**Your assignment**
Quote every line below exactly and skip any picture.

**Given information**
=== Begin Enclosure ===

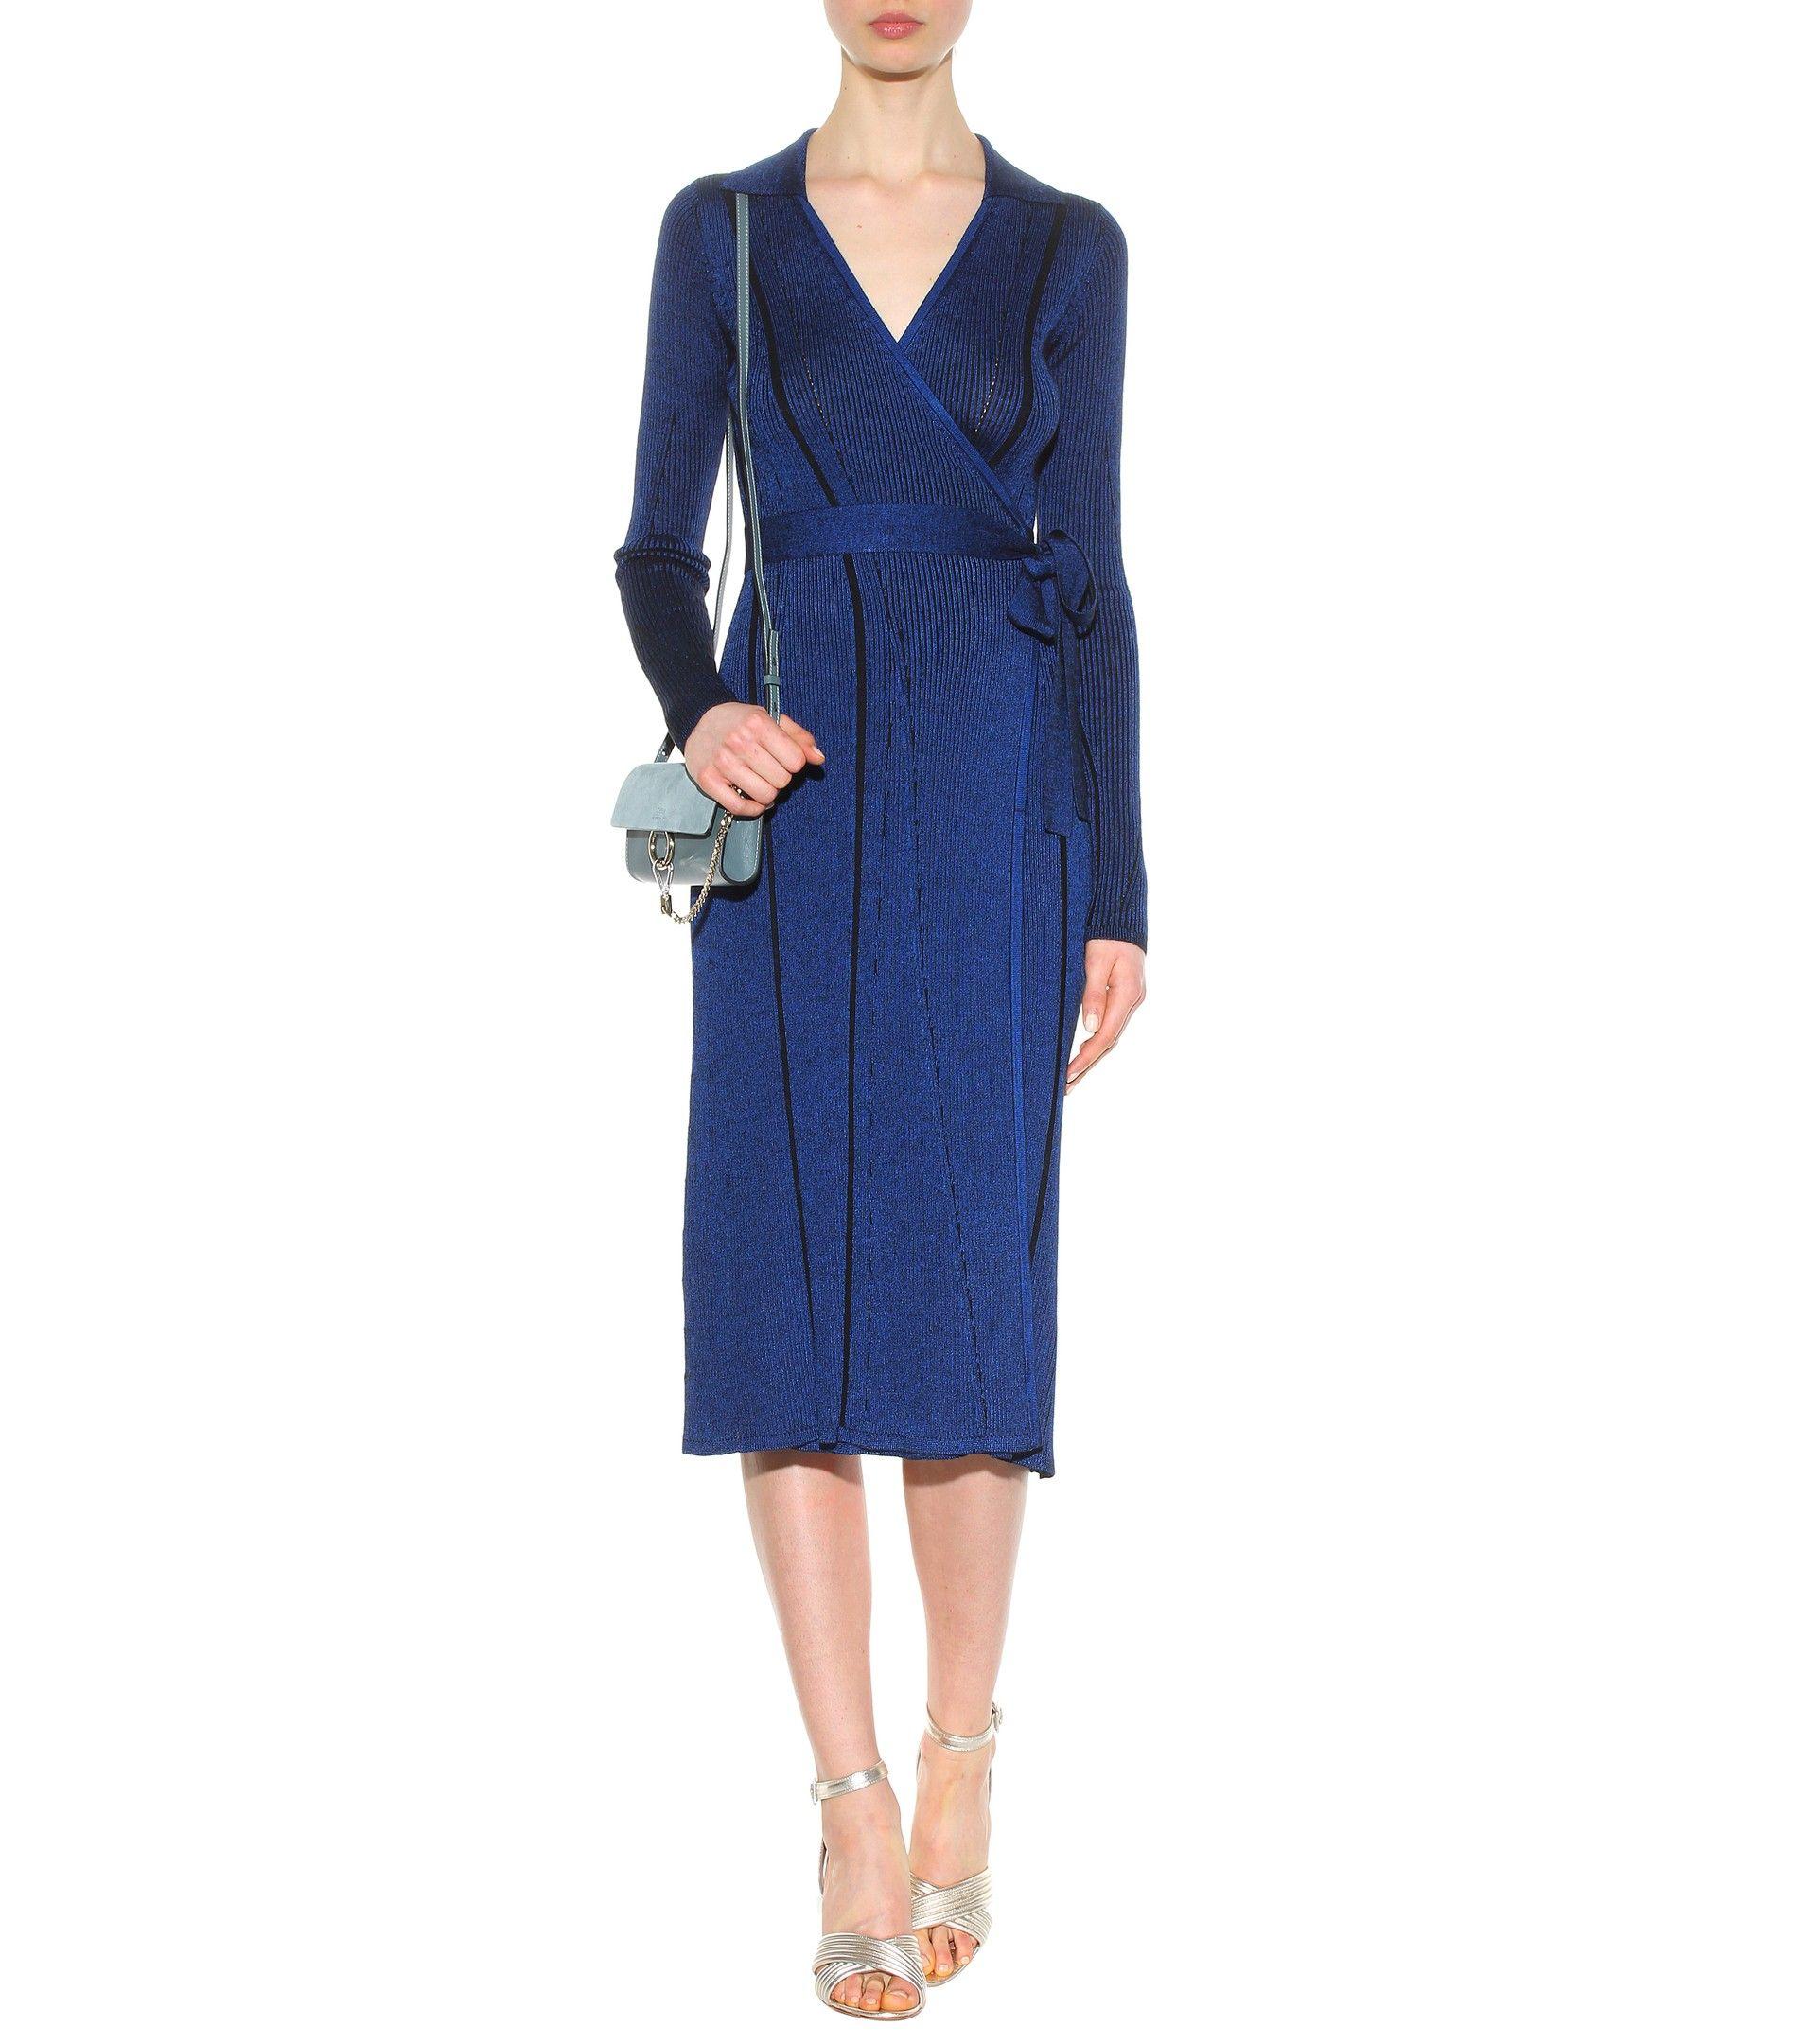 Diane Von Furstenberg Woman Wool-blend Dress Cobalt Blue Size 4 Diane Von Fürstenberg ow5idC0eOG
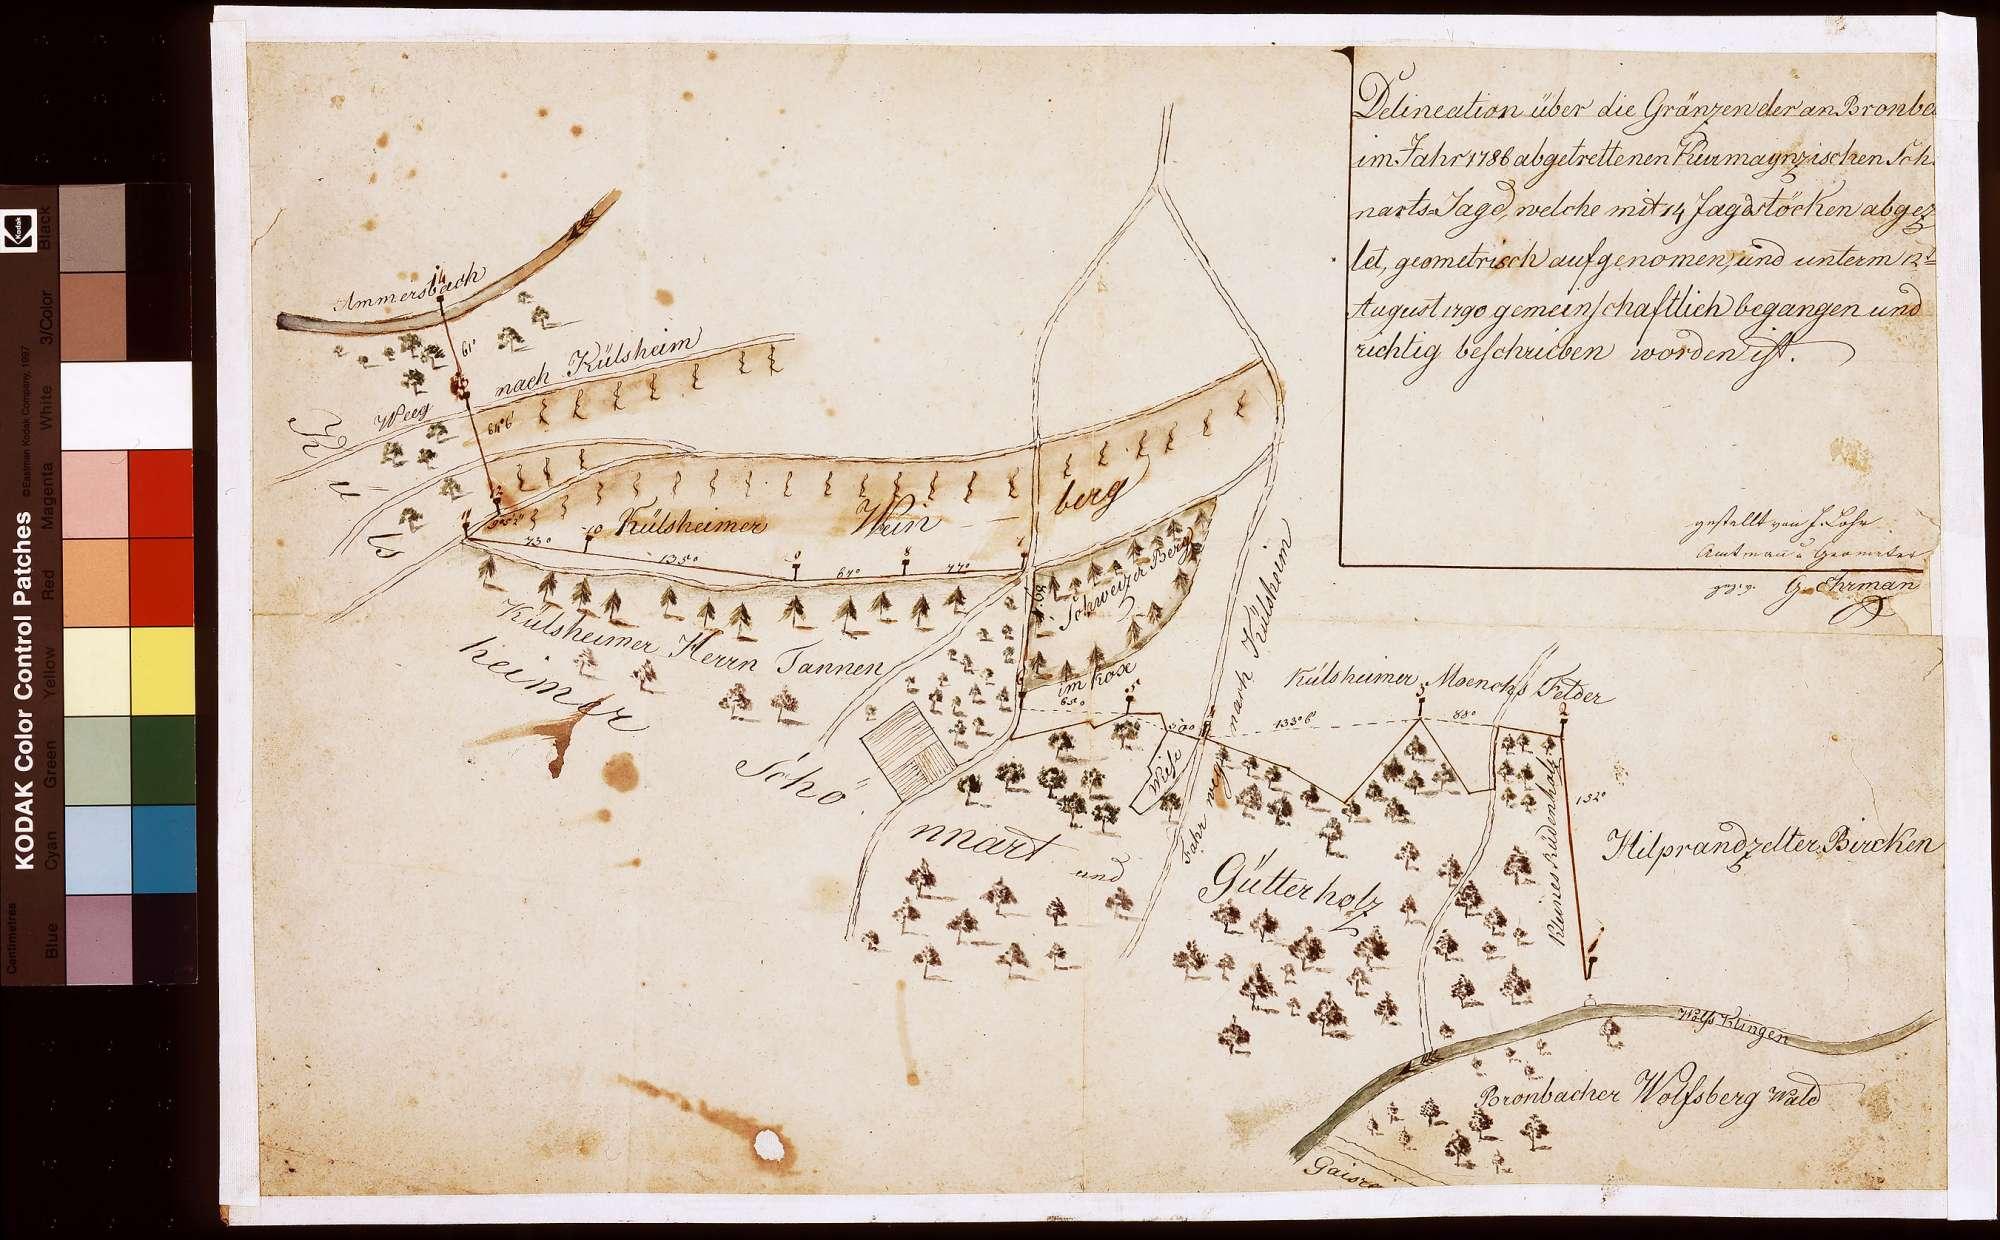 Delineation über die Grenzen der an Bronnbach im Jahr 1786 abgetretenen kurmainzischen Schönertsjagd (Inselkarte), Bild 1
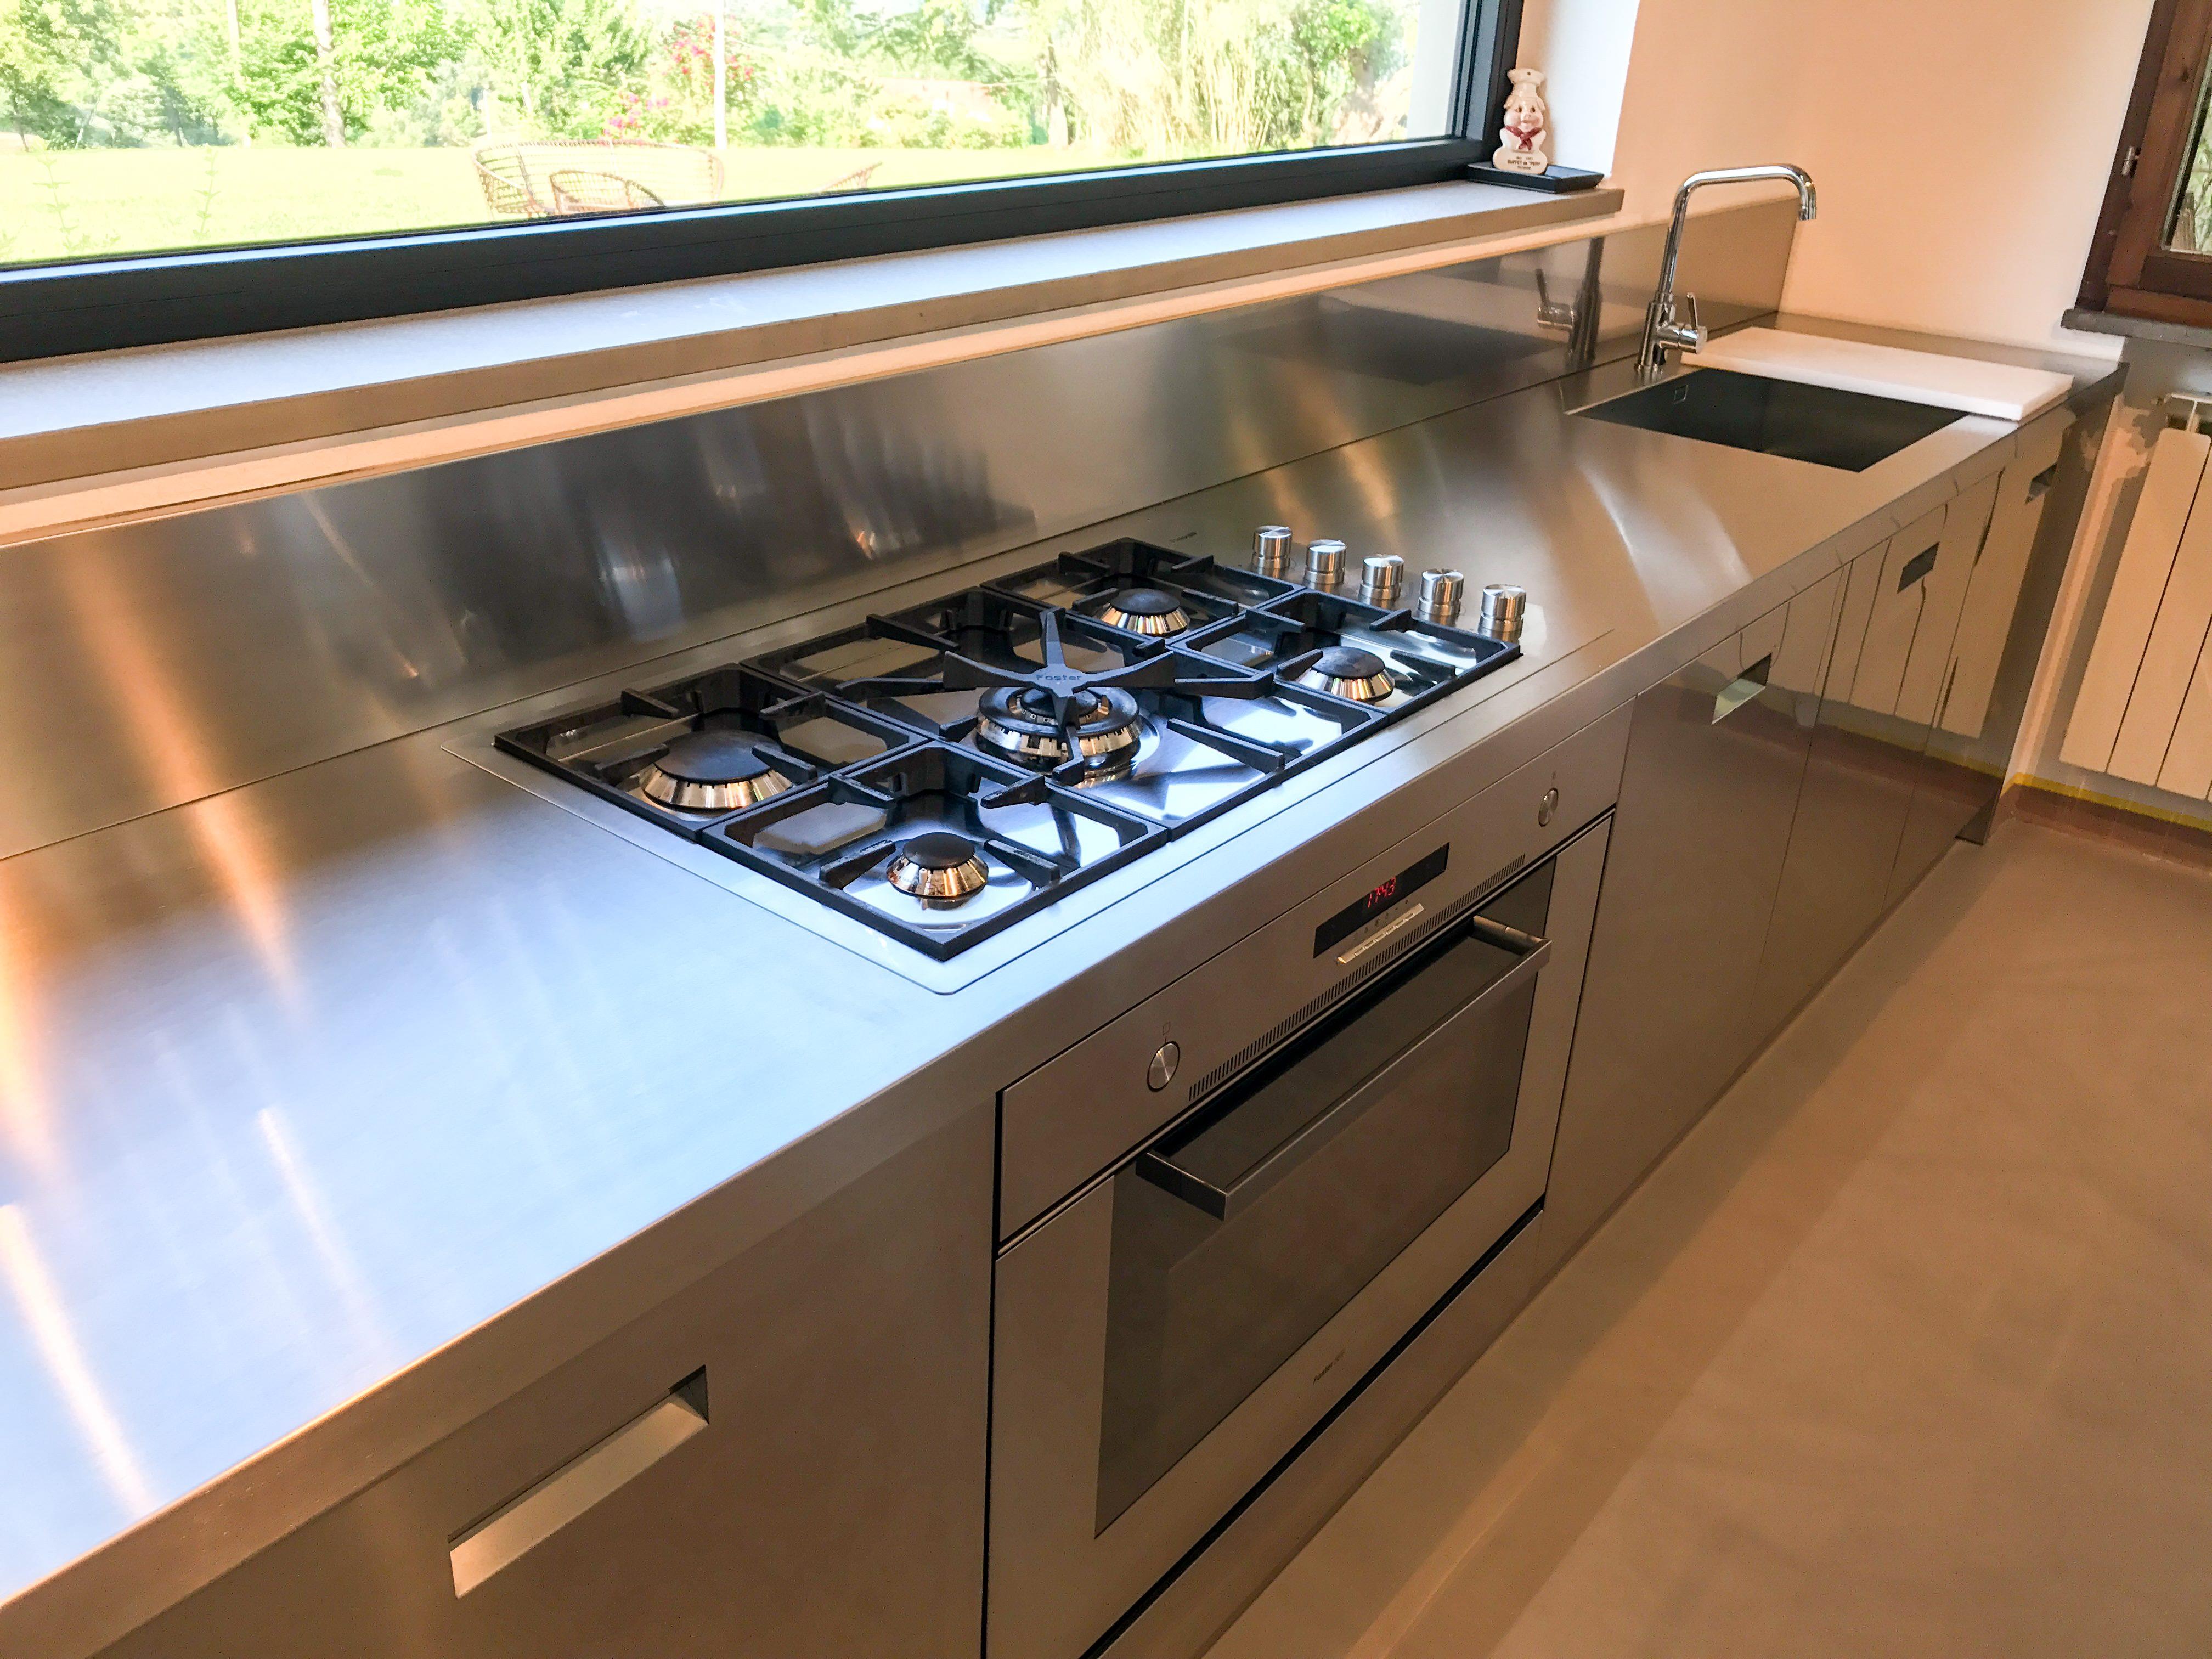 Blocco cucina acciaio blocco cucina acciaio prezzi with cucinesse prezzi with blocco cucina - Blocco cucina acciaio ...

=== End Enclosure ===

**The answer**
 Diane Von Furstenberg Woman Wool-blend Dress Cobalt Blue Size 4 Diane Von Fürstenberg ow5idC0eOG
 Delineation über die Grenzen der an Bronnbach im Jahr 1786 abgetretenen kurmainzischen Schönertsjagd (Inselkarte), Bild 1
 Blocco cucina acciaio blocco cucina acciaio prezzi with cucinesse prezzi with blocco cucina - Blocco cucina acciaio ...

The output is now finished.